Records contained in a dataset
- Opening Delimiter -

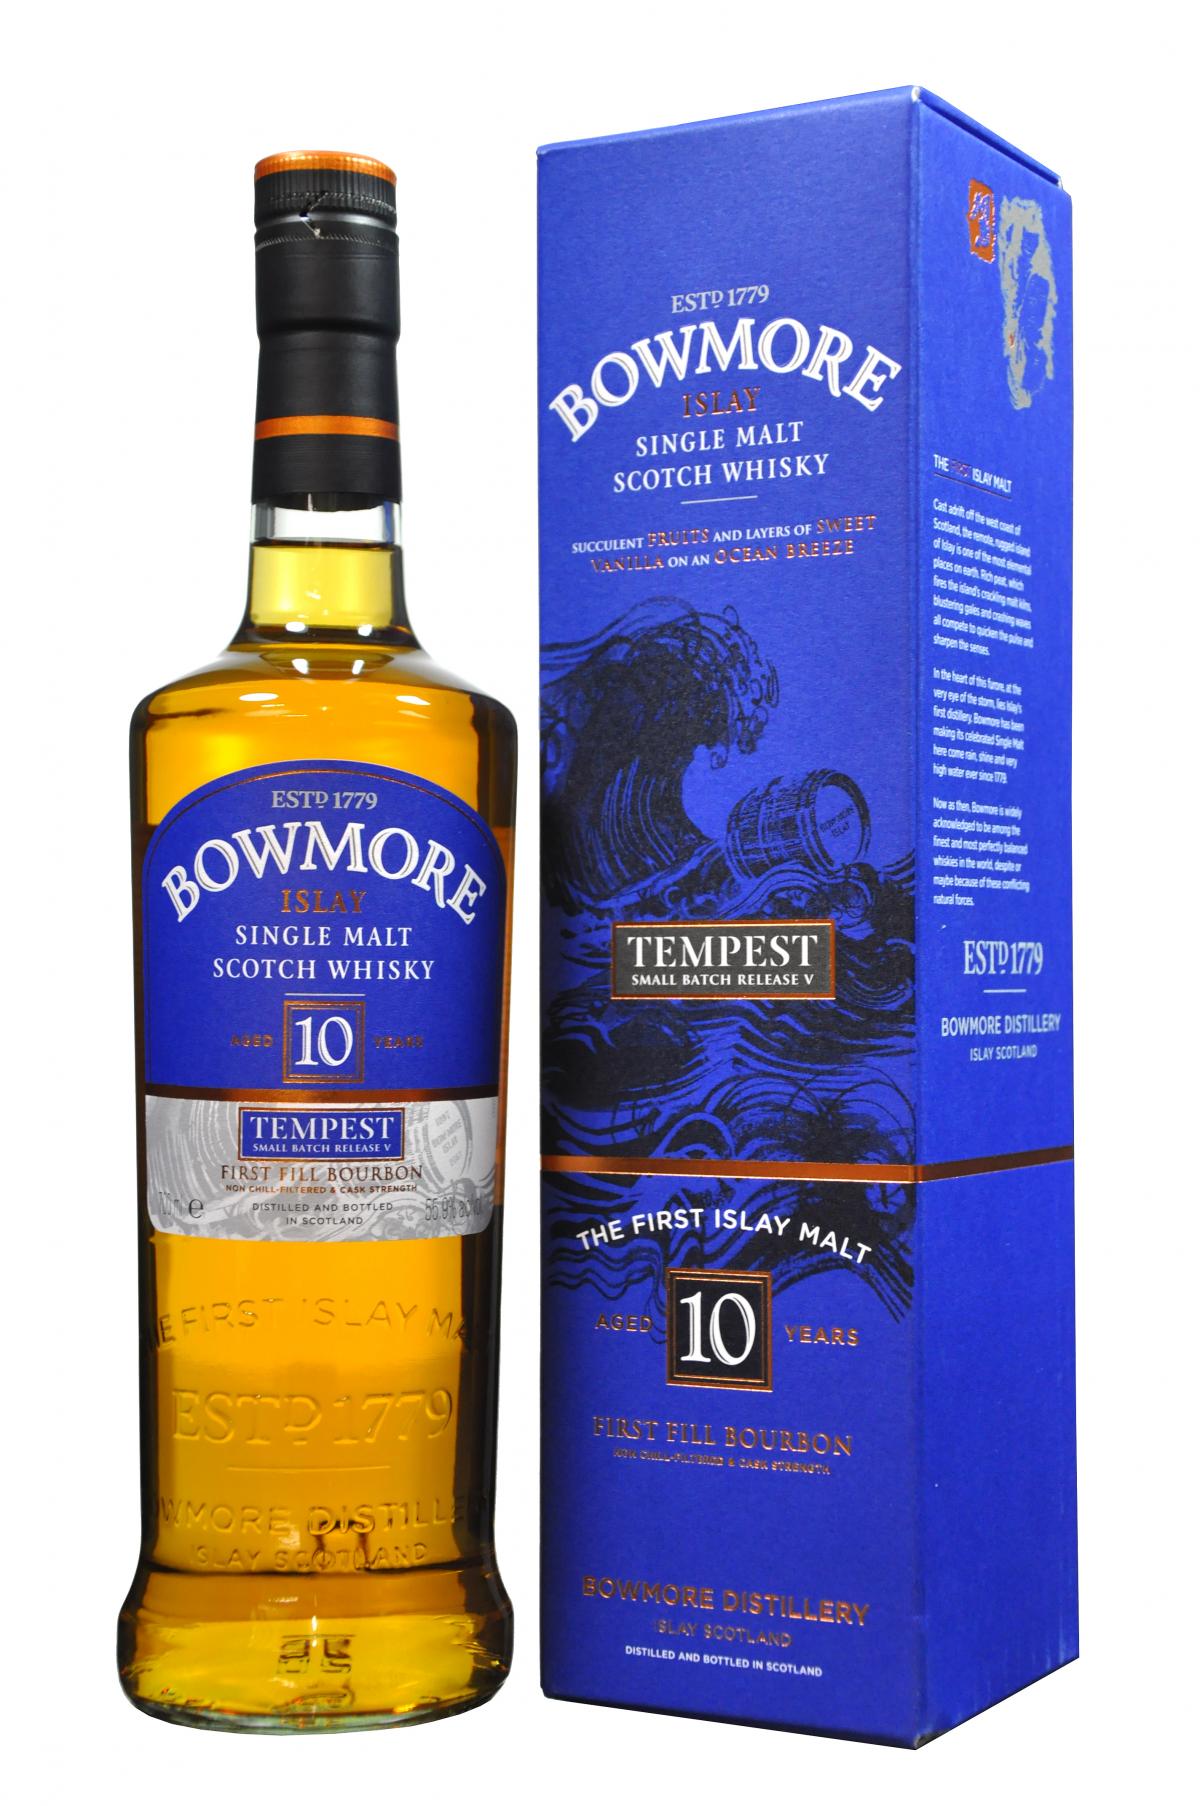 bowmore 10 year old, tempest batch 5, small batch release, islay single malt scoth whisky
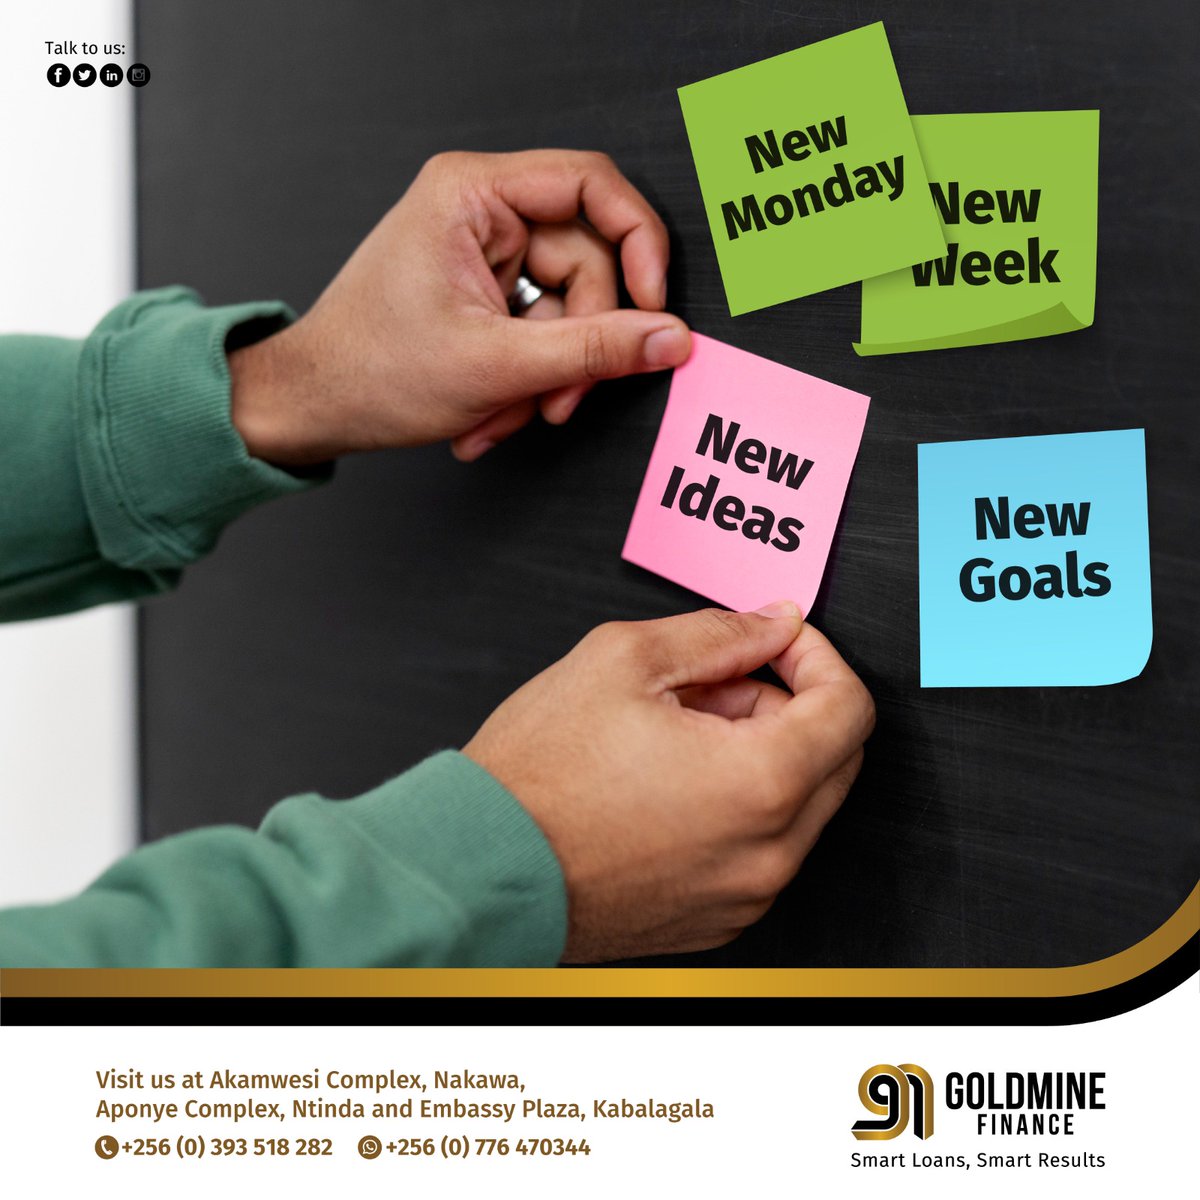 Monday is the start of a #newweek with brand-new #opportunities to enjoy all that life has to offer. Let's make your #financialgoals a reality today. 💰 

#mondaymotivation #SmartLoansSmartResults
#BusinessAndPersonalLoans
#OfficialSponsor
#GoforGold
#OBONATO
#JTJaguars

- Closing Delimiter -

Transcribe the records verbatim and omit the images.

RESULT OF THE TASK
 bowmore 10 year old, tempest batch 5, small batch release, islay single malt scoth whisky
 Monday is the start of a #newweek with brand-new #opportunities to enjoy all that life has to offer. Let's make your #financialgoals a reality today. 💰 

#mondaymotivation #SmartLoansSmartResults
#BusinessAndPersonalLoans
#OfficialSponsor
#GoforGold
#OBONATO
#JTJaguars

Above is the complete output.